__PROBLEM DESCRIPTION__: Could you give the entries again, exactly as written?

SUPPLIED DATA section start

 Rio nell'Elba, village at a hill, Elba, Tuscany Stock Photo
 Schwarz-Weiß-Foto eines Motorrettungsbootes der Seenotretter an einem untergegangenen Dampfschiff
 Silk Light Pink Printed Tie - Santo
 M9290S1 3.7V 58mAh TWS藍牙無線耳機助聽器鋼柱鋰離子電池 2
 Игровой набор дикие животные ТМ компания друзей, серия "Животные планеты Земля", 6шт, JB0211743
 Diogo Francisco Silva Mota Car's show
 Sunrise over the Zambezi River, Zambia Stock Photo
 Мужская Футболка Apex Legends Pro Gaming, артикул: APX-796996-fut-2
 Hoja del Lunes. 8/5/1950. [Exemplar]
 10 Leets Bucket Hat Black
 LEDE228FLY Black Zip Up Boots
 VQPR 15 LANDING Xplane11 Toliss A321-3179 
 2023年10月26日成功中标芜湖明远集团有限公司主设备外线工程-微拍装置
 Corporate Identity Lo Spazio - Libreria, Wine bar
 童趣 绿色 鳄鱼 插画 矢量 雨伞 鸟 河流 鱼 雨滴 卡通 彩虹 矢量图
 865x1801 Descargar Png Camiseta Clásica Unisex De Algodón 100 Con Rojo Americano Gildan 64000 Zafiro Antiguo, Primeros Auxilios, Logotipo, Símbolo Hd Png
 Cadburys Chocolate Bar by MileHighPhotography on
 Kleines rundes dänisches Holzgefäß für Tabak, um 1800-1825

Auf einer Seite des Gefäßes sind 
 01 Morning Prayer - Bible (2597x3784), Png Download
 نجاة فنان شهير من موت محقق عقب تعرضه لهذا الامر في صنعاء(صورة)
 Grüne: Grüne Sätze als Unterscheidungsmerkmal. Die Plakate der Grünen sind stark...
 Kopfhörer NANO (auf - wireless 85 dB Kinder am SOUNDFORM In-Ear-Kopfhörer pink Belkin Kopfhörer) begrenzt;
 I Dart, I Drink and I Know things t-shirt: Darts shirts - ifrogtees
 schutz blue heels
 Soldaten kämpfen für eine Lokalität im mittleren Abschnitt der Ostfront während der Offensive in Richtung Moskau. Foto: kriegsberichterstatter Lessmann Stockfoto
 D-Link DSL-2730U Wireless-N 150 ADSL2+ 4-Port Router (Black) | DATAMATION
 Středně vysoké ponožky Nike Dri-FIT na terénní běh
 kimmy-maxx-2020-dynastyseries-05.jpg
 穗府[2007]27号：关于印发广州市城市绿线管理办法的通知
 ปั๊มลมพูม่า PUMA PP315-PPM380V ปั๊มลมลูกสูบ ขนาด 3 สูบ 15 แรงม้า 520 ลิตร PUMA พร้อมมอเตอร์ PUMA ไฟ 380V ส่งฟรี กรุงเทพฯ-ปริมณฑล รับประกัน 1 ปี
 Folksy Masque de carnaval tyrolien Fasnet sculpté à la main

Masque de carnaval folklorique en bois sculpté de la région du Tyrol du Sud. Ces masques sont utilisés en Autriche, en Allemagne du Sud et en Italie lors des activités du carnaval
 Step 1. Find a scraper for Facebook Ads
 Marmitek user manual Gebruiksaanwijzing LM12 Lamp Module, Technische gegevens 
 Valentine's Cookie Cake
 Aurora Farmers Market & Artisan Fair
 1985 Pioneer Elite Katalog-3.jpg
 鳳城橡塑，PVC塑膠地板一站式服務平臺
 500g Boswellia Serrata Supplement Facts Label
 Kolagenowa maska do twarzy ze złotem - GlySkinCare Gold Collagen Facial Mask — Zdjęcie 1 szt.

SUPPLIED DATA section end

__SOLUTION FOR THIS PROBLEM__:
 Rio nell'Elba, village at a hill, Elba, Tuscany Stock Photo
 Schwarz-Weiß-Foto eines Motorrettungsbootes der Seenotretter an einem untergegangenen Dampfschiff
 Silk Light Pink Printed Tie - Santo
 M9290S1 3.7V 58mAh TWS藍牙無線耳機助聽器鋼柱鋰離子電池 2
 Игровой набор дикие животные ТМ компания друзей, серия "Животные планеты Земля", 6шт, JB0211743
 Diogo Francisco Silva Mota Car's show
 Sunrise over the Zambezi River, Zambia Stock Photo
 Мужская Футболка Apex Legends Pro Gaming, артикул: APX-796996-fut-2
 Hoja del Lunes. 8/5/1950. [Exemplar]
 10 Leets Bucket Hat Black
 LEDE228FLY Black Zip Up Boots
 VQPR 15 LANDING Xplane11 Toliss A321-3179 
 2023年10月26日成功中标芜湖明远集团有限公司主设备外线工程-微拍装置
 Corporate Identity Lo Spazio - Libreria, Wine bar
 童趣 绿色 鳄鱼 插画 矢量 雨伞 鸟 河流 鱼 雨滴 卡通 彩虹 矢量图
 865x1801 Descargar Png Camiseta Clásica Unisex De Algodón 100 Con Rojo Americano Gildan 64000 Zafiro Antiguo, Primeros Auxilios, Logotipo, Símbolo Hd Png
 Cadburys Chocolate Bar by MileHighPhotography on
 Kleines rundes dänisches Holzgefäß für Tabak, um 1800-1825

Auf einer Seite des Gefäßes sind 
 01 Morning Prayer - Bible (2597x3784), Png Download
 نجاة فنان شهير من موت محقق عقب تعرضه لهذا الامر في صنعاء(صورة)
 Grüne: Grüne Sätze als Unterscheidungsmerkmal. Die Plakate der Grünen sind stark...
 Kopfhörer NANO (auf - wireless 85 dB Kinder am SOUNDFORM In-Ear-Kopfhörer pink Belkin Kopfhörer) begrenzt;
 I Dart, I Drink and I Know things t-shirt: Darts shirts - ifrogtees
 schutz blue heels
 Soldaten kämpfen für eine Lokalität im mittleren Abschnitt der Ostfront während der Offensive in Richtung Moskau. Foto: kriegsberichterstatter Lessmann Stockfoto
 D-Link DSL-2730U Wireless-N 150 ADSL2+ 4-Port Router (Black) | DATAMATION
 Středně vysoké ponožky Nike Dri-FIT na terénní běh
 kimmy-maxx-2020-dynastyseries-05.jpg
 穗府[2007]27号：关于印发广州市城市绿线管理办法的通知
 ปั๊มลมพูม่า PUMA PP315-PPM380V ปั๊มลมลูกสูบ ขนาด 3 สูบ 15 แรงม้า 520 ลิตร PUMA พร้อมมอเตอร์ PUMA ไฟ 380V ส่งฟรี กรุงเทพฯ-ปริมณฑล รับประกัน 1 ปี
 Folksy Masque de carnaval tyrolien Fasnet sculpté à la main

Masque de carnaval folklorique en bois sculpté de la région du Tyrol du Sud. Ces masques sont utilisés en Autriche, en Allemagne du Sud et en Italie lors des activités du carnaval
 Step 1. Find a scraper for Facebook Ads
 Marmitek user manual Gebruiksaanwijzing LM12 Lamp Module, Technische gegevens 
 Valentine's Cookie Cake
 Aurora Farmers Market & Artisan Fair
 1985 Pioneer Elite Katalog-3.jpg
 鳳城橡塑，PVC塑膠地板一站式服務平臺
 500g Boswellia Serrata Supplement Facts Label
 Kolagenowa maska do twarzy ze złotem - GlySkinCare Gold Collagen Facial Mask — Zdjęcie 1 szt.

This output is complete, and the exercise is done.